White Paper

ORSPI4 Field-Programmable System-on-a-Chip Solves Design Challenges for 10 Gbps Line Cards

Sidhartha Mohanty and Fred Koons
Lattice Semiconductor Corporation
October 2003
The long awaited convergence of telecommunication and data networks is finally poised to happen in the next few quarters. The convergence will not be centered on a common protocol or occur at a single Open Systems Interconnection (OSI) layer. Rather, it will form around a common line rate – 10 Gbits/second (Gbps).

Venerable Ethernet has scaled quickly from a 10 Mbps standard in 1996 to 10 Gbps deployments seen today. Fibre Channel emerged in the early 1990’s as the protocol of choice in storage networking applications. Rather than fading away, Fibre Channel has risen like the Phoenix and is also soaring to 10 Gbps. Built for circuit-switched networks, SONET/SDH has steadily migrated into the core of the network, and now the metropolitan area of the network, from OC-3 to OC-192 in less than a decade.

**System-Packet Interface (SPI4.2)**

Resource-strapped equipment vendors must develop strategies that will reduce time-to-market while maximizing the reuse of hardware and software. SPI4.2 (System-Packet Interface, Level 4, Phase 2) is a recent system-level interface standard that enables the development of flexible, scalable systems for a converged data and telecommunications infrastructure. Published in 2001 by the Optical Internetworking Forum (OIF), the SPI4.2 standard allows the transmission of multiple protocols at variable, high-speed data rates, including: Packet-over-SONET/SDH (POS), OC-192, Ethernet, Fast Ethernet, Gigabit Ethernet, 10 Gigabit Ethernet, and 10 Gigabit Fibre-Channel SAN. SPI4.2 relieves designers from wasting valuable resources on proprietary ASIC-based or specialized network processor interfaces to support different data rates and services. The benefits are a common standards-based interface facilitating inter-connection between various devices.

Designed for packet transfer between a MAC device and a network processor or switch fabric, the SPI4.2 interface supports the aggregate bandwidths required of ATM and Packet-over-SONET/SDH (POS) applications. SPI4.2 provides a common interface for 10 Gbps Wide Area Network (WAN), Local Area Network (LAN), Metro Area Network (MAN), and Storage Area Network (SAN) technologies, and it is ideal for systems that aggregate low-data rate channels into a single 10 Gbps uplink for long haul or backbone transmission.

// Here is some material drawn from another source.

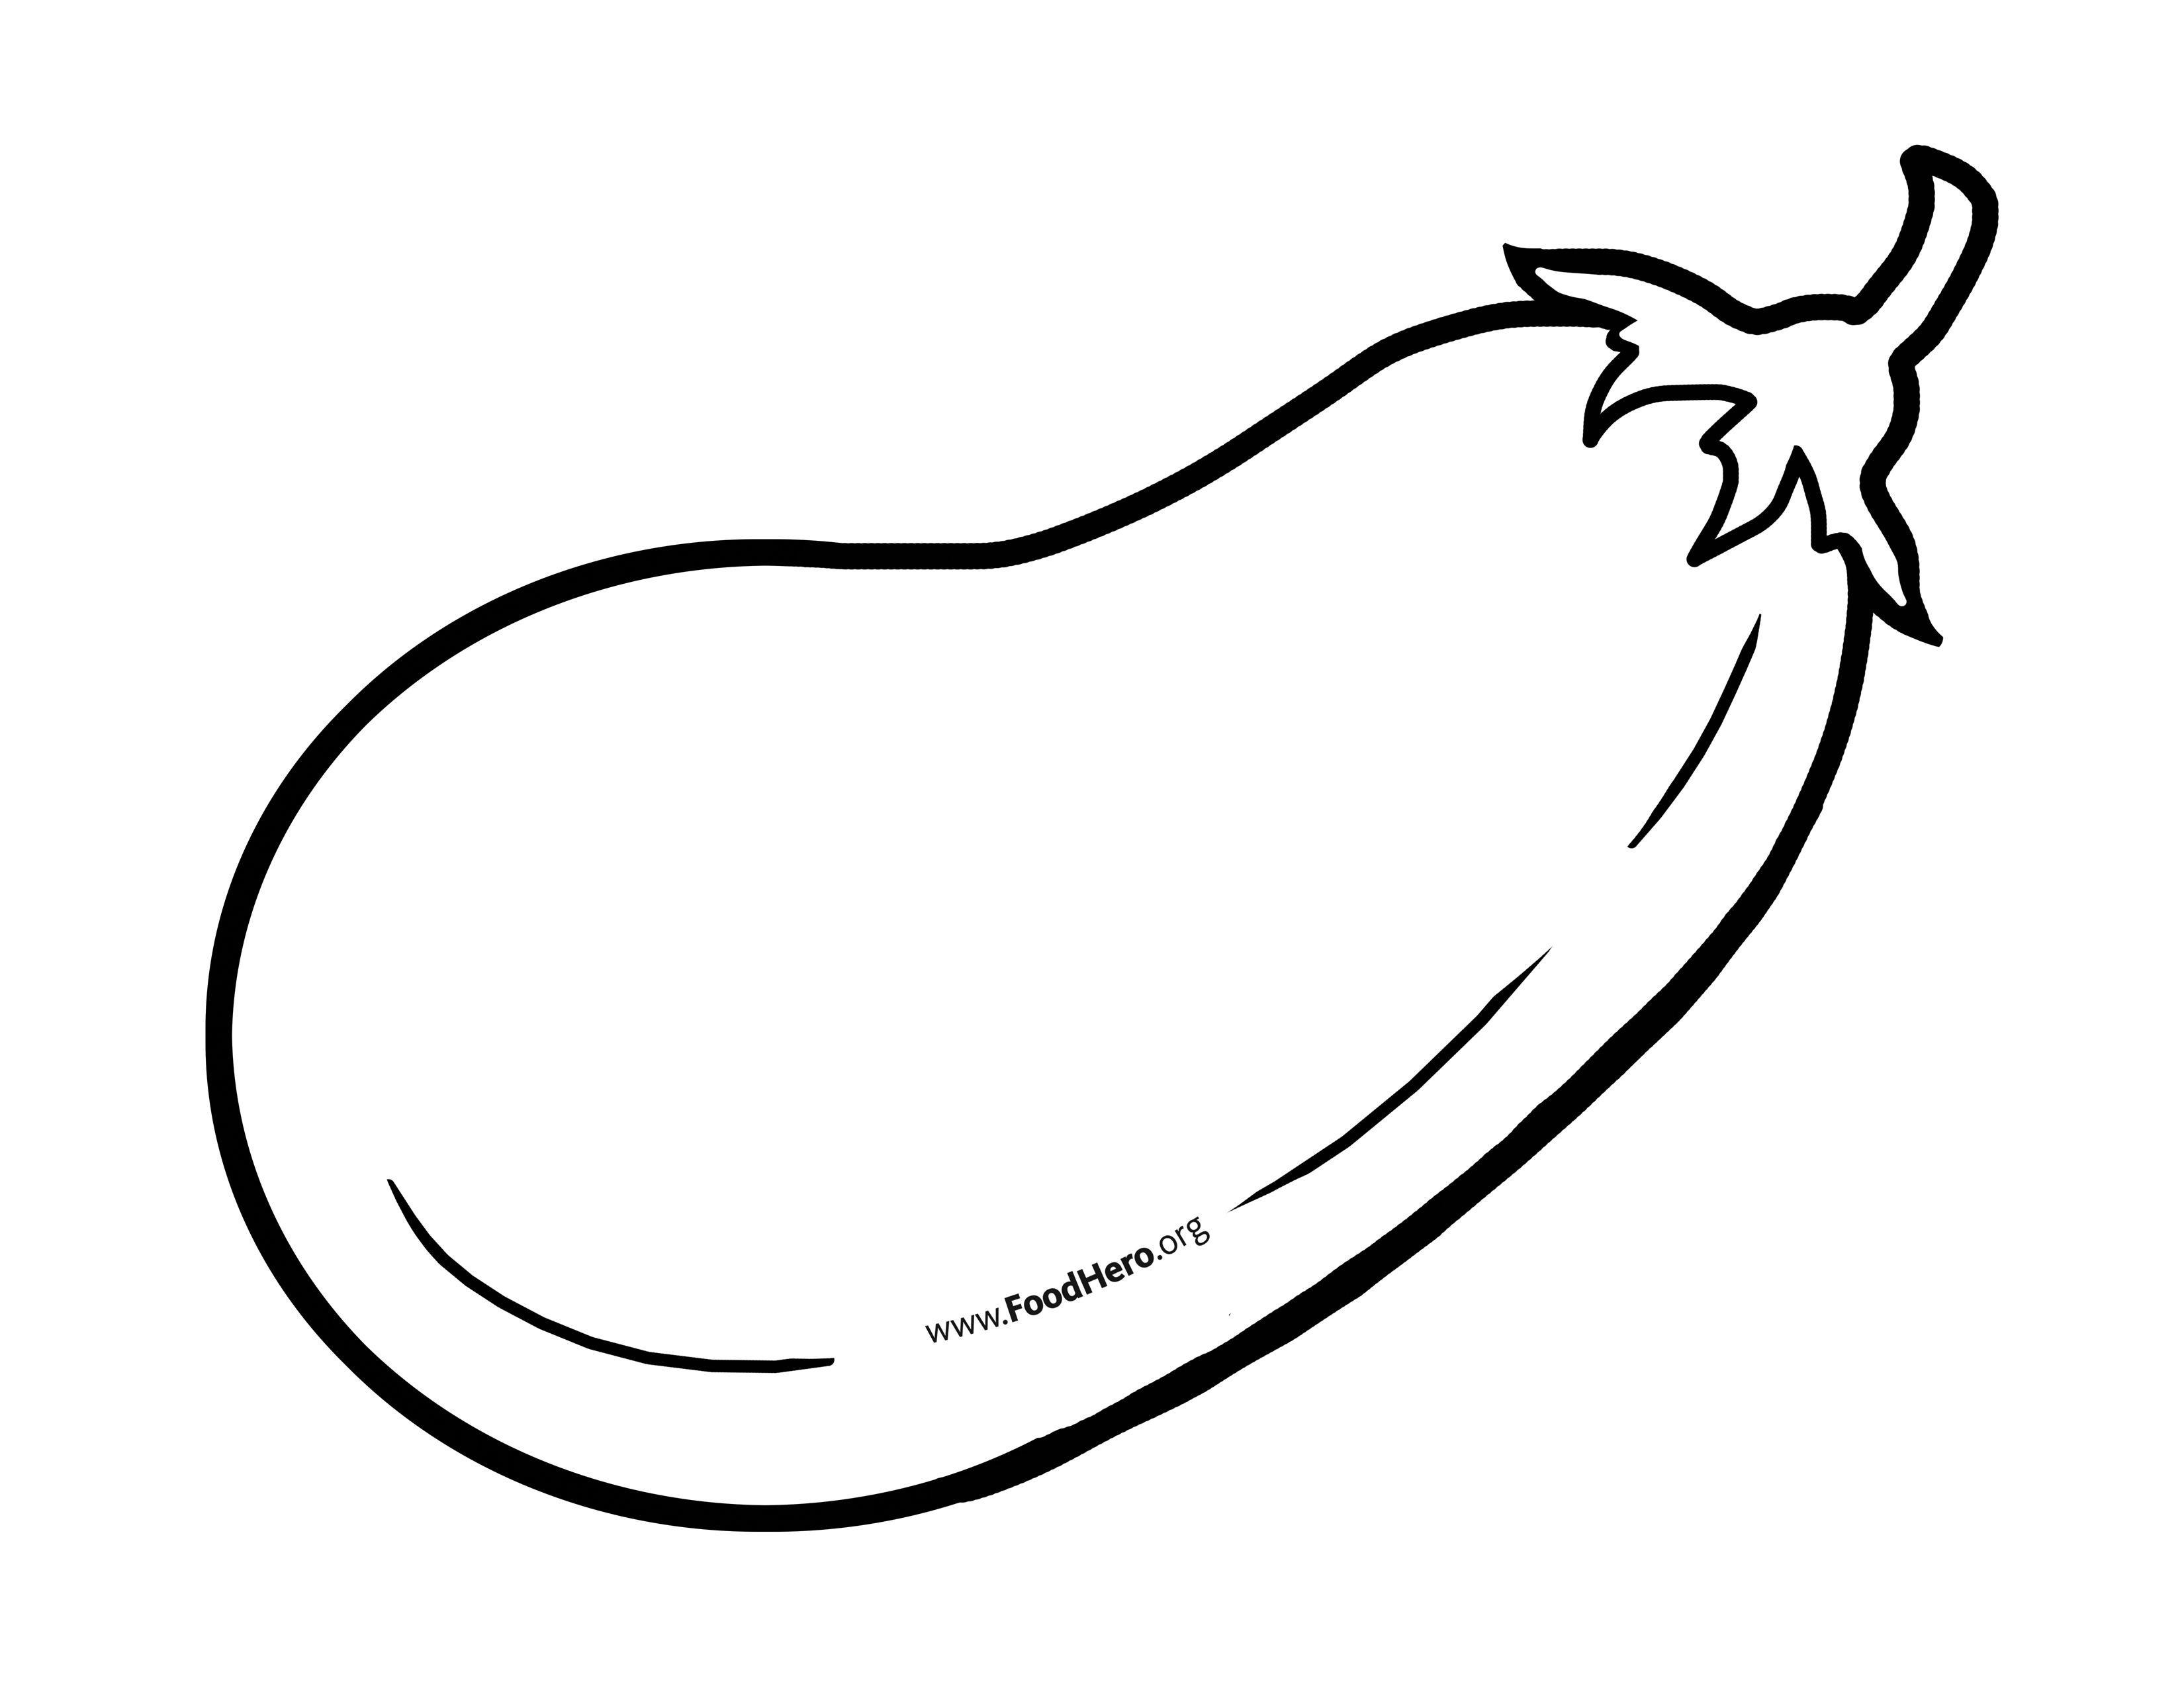 Food outline clipart banner download Eggplant Outline   Food Hero #blackline #illustration #eggplant ... banner download
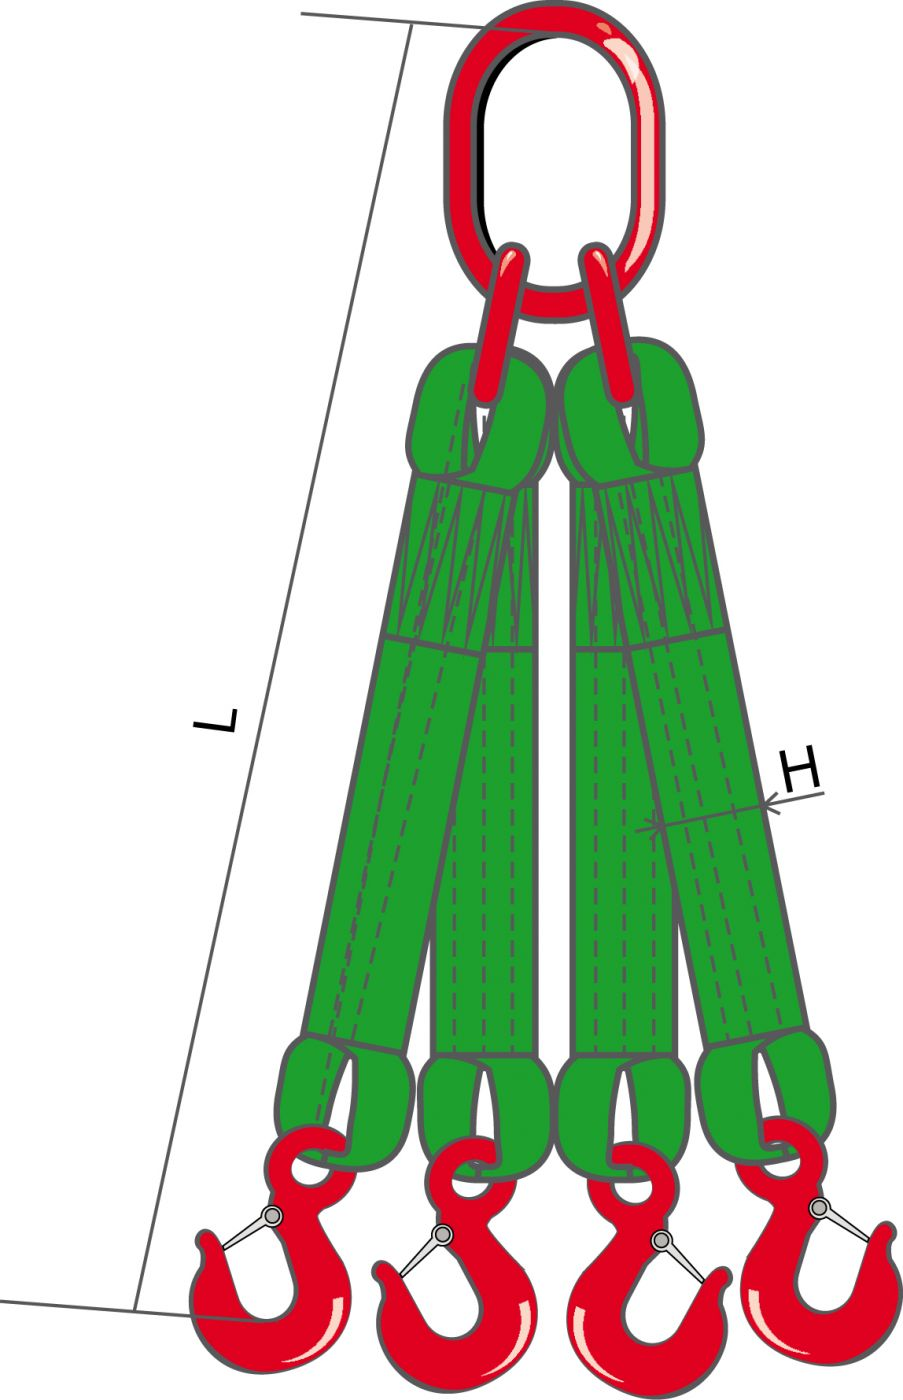 4СТ - Строп текстильный четырехветьевой

Key attributes of the SPI4.2 Interface Specification include:

- Point-to-point connection (for example, between single MAC and single NPU device)
- Minimum 9.952 Gbps Transmit/Receive data paths (separate and independent)
  - 16-bits wide datapath
  - Source-synchronous double-edge clocking with a 311 MHz minimum operating frequencies
  - 622 Mbps minimum data rate per line, 700 Mbps typical data-rate for static alignment, 850 Mbps typical data-rate for dynamic receiver alignment
  - LVDS I/Os
- Static alignment or Dynamic Alignment (optional) per receive pin
- Support for 256 ports:
  - Suitable for STS-1 granularity in SONET/SDH applications – 192 ports
  - Fast Ethernet granularity in Ethernet applications – 100 ports
- Transmit/Receive FIFO Status Interface, which passes flow control information back to the transmitting device on a continuous basis.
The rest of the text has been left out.